Também em mensagem de vídeo, o prefeito de João Pessoa, Cícero de Lucena, contou que, ao chegar à Jordânia, o grupo foi acolhido por funcionários da embaixada do Brasil. “Agora, vamos seguir para a Arábia Saudita, já que, lá, o espaço aéreo está aberto. Continuamos com bastante segurança e tranquilidade”, comentou Lucena.

Segundo o presidente da Comissão de Relações Exteriores do Senado, Nelsinho Trad (PSD-MS), seis prefeitos que integravam a comitiva optaram por ficar em Israel e se juntarem a outro grupo de autoridades brasileiras que também aguarda resgate.

Segundo o senador, os seis prefeitos se juntaram ao grupo do Consórcio Brasil Central, que também está em território israelense e deve ser resgatado em breve pelas autoridades brasileiras. O grupo é formado por 22 gestores estaduais, dentre eles os sul-mato-grossenses.

"O governo avalia alternativas para o retorno dos integrantes restantes, inclusive por meio de voos comerciais, com apoio logístico e financeiro do governo de Israel", afirma o senador.

Além dos prefeitos, governadores e outras autoridades públicas, o Senado também está planejando o resgate de um grupo de 56 brasileiros que estavam em missão religiosa na Galiléia.

Conflito

A viagem das autoridades públicas brasileiras ocorre em meio à guerra entre Israel e o grupo palestino Hamas.

Além de ocupar a Faixa de Gaza, Israel abriu, na semana passada, uma nova frente de guerra, bombardeando o Irã durante a madrugada da última sexta-feira (13).

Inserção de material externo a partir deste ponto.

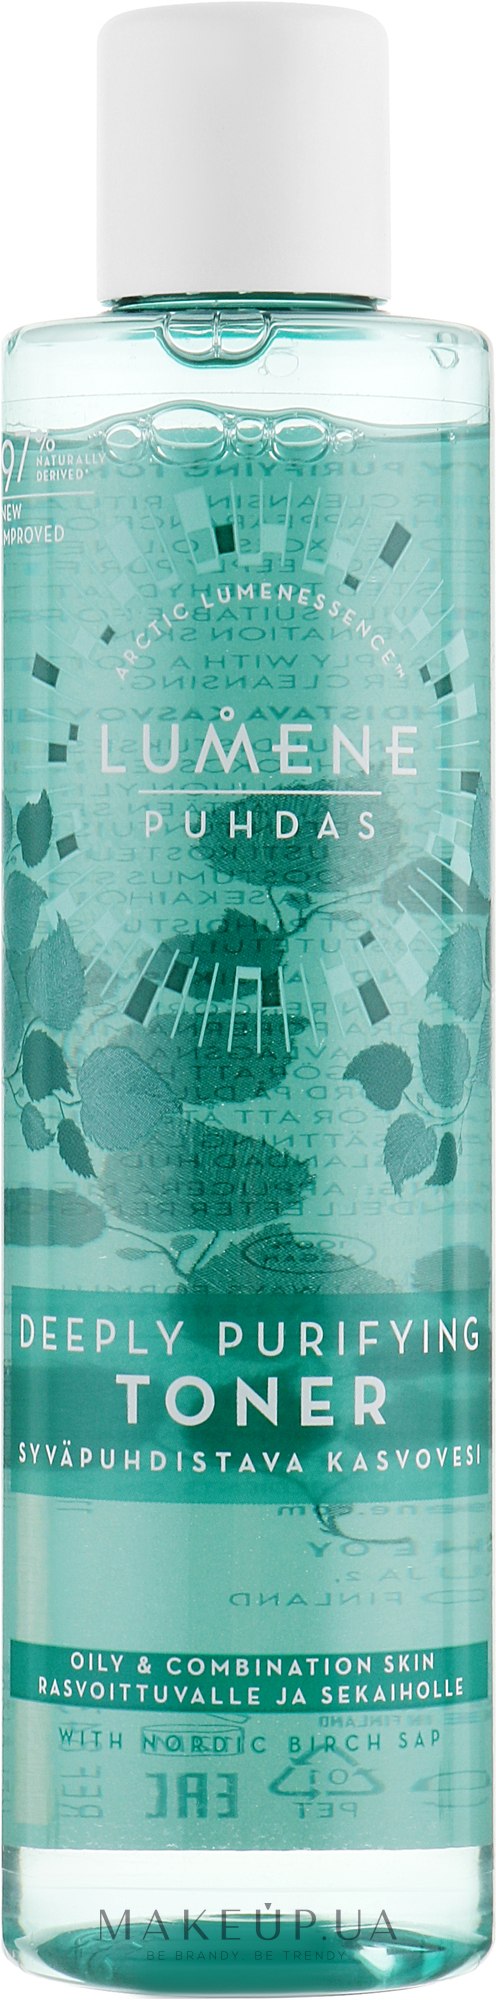 Тоник для глубокого очищения кожи - Lumene Puhdas Deeply Purifying Toner — фото 200ml

Segundo Tel Aviv, os alvos dos ataques foram instalações militares e nucleares. De acordo com fontes iranianas, ao menos nove pessoas morreram e uma centena ficou ferida já neste primeiro ataque israelense. 

A retaliação iraniana não demorou e, no mesmo dia (13), mísseis balísticos atingiram Tel Aviv e Jerusalém.